< Hebreeën 6 >
1 Laat ons dan nalaten te spreken van het beginsel der leer van Christus en laat ons voortgaan tot het volwassene, niet wederom een fundament leggende van de afkeering van doode werken, en van het vertrouwen op God,
2 van de leer der reinigingen, en van handenoplegging en van verrijzenis der dooden, en van een eeuwig oordeel. (aiōnios )

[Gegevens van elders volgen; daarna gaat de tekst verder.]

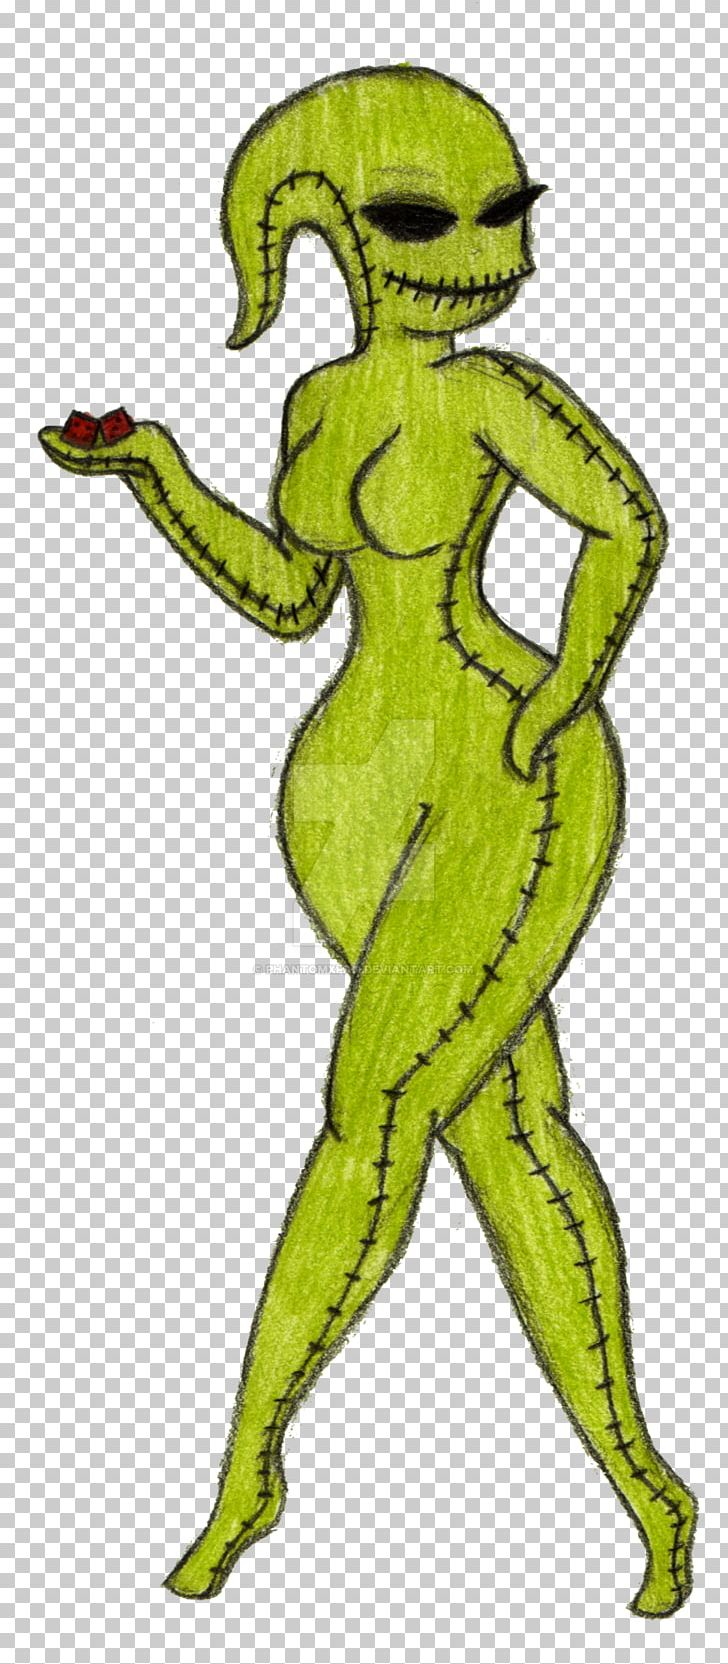 Oogie Boogie Boogeyman Drawing PNG, Clipart, Art, Boogeyman, Boogie, Cartoon, Costume Design Free PNG Download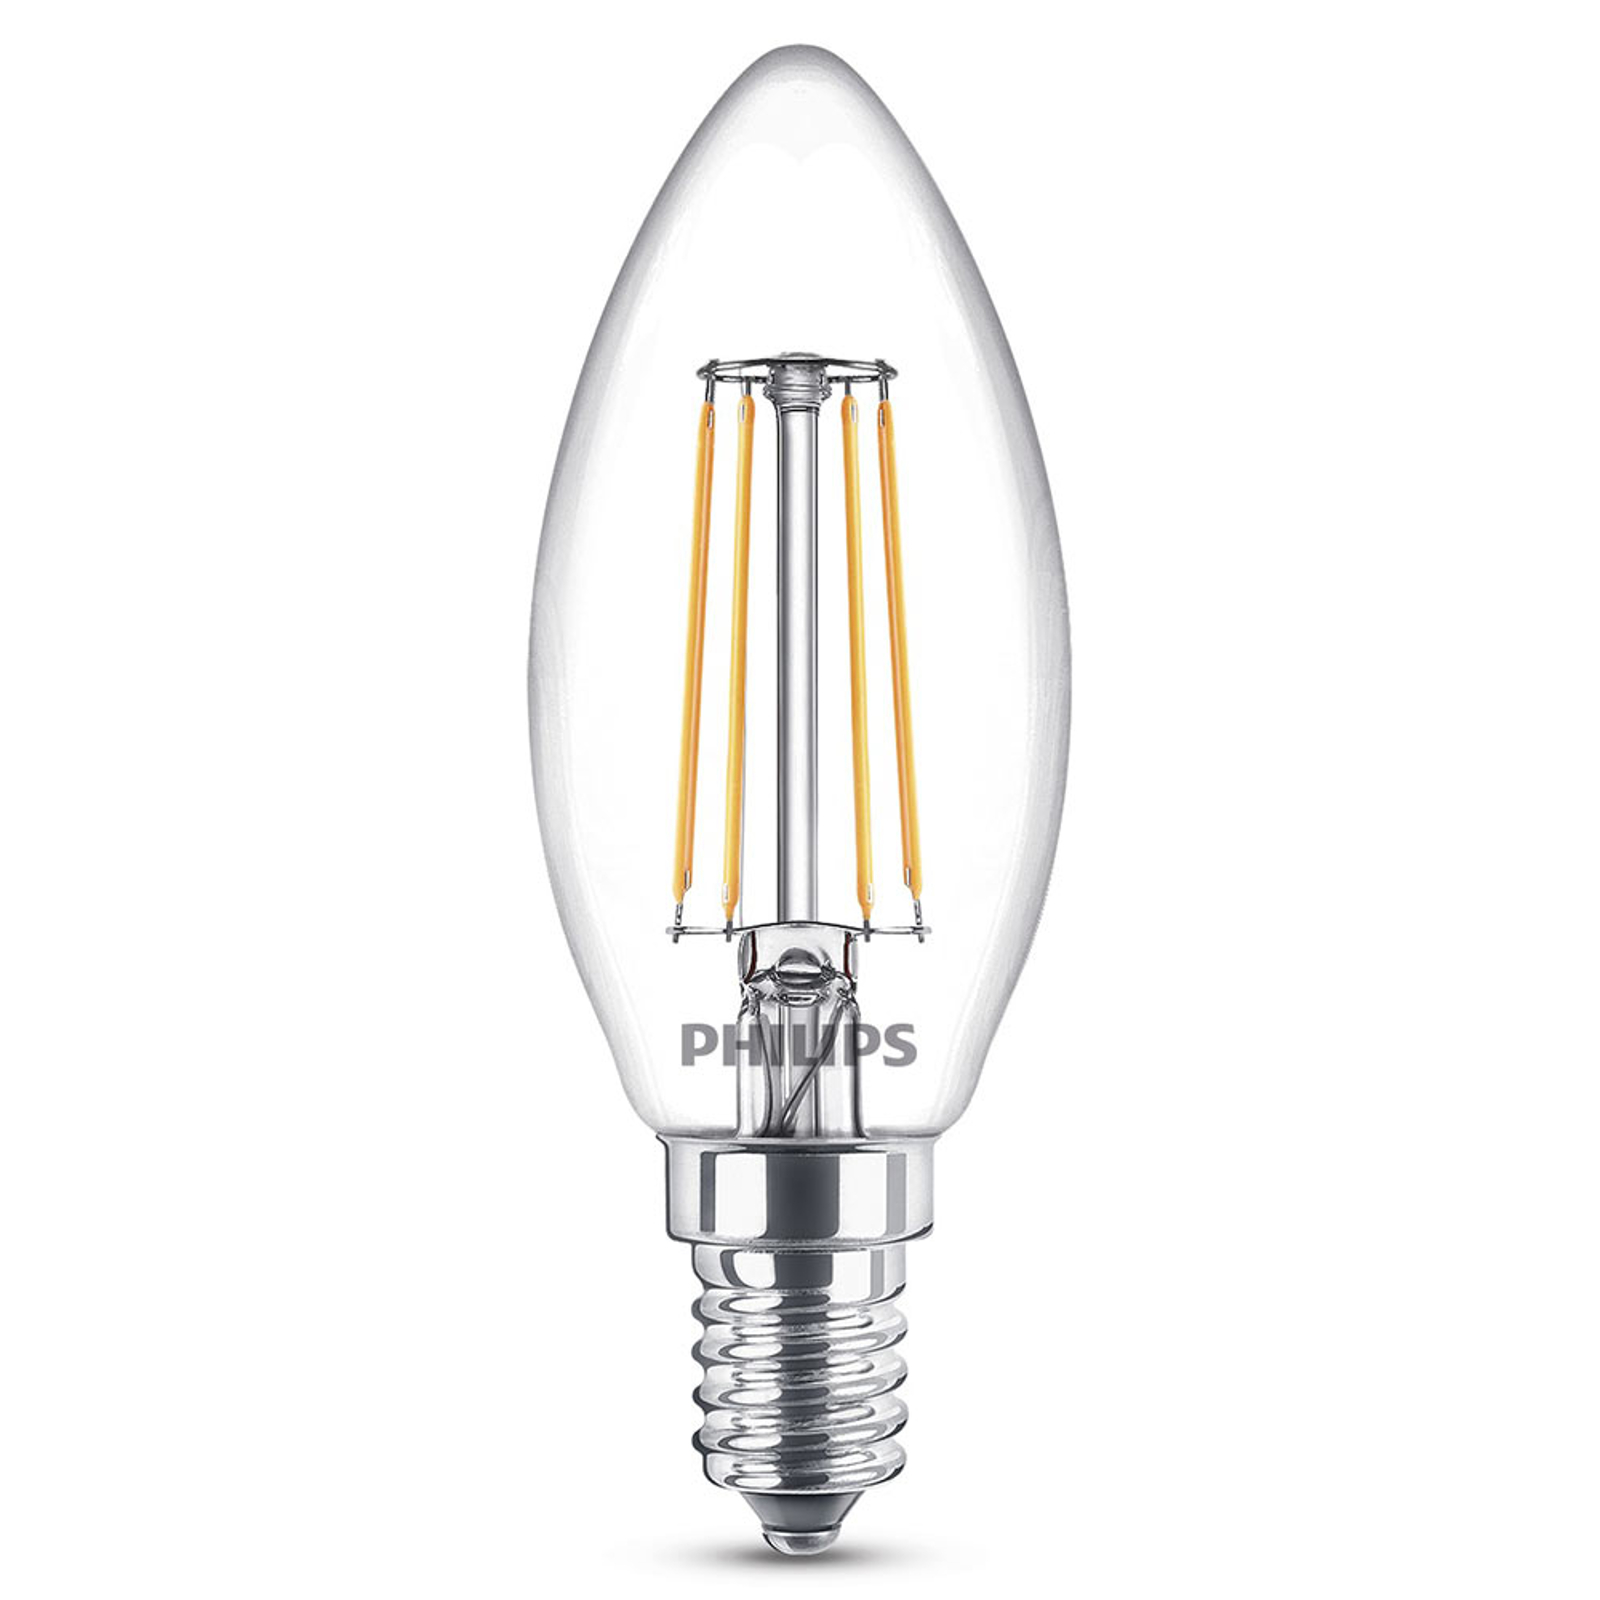 Philips E14 LED-Kerzenlampe 4,3W warmweiß Filament

3 En ook dit zullen wij doen als God het toelaat.
4 Want onmogelijk is het dat zij, die eenmaal zijn verlicht geweest en de hemelsche gave gesmaakt hebben, en deelgenooten des Heiligen Geestes geworden zijn,
5 en die het goede woord Gods gesmaakt hebben, en de krachten der toekomende eeuw, (aiōn )
6 en afvallig worden— dat die wederom vernieuwd worden tot boetvaardigheid, omdat zij voor zich zelven den Zone Gods andermaal kruisigen en Hem openlijk schandvlekken.
7 Want de aarde, die den regen indrinkt die dikwijls op haar komt, en geschikte planten voortbrengt voor degenen voor wie zij bebouwd is, die ontvangt zegen van God.
8 Maar als zij distelen en doornen voortbrengt dan is zij verwerpelijk en nabij den vloek; haar einde is tot verbranding.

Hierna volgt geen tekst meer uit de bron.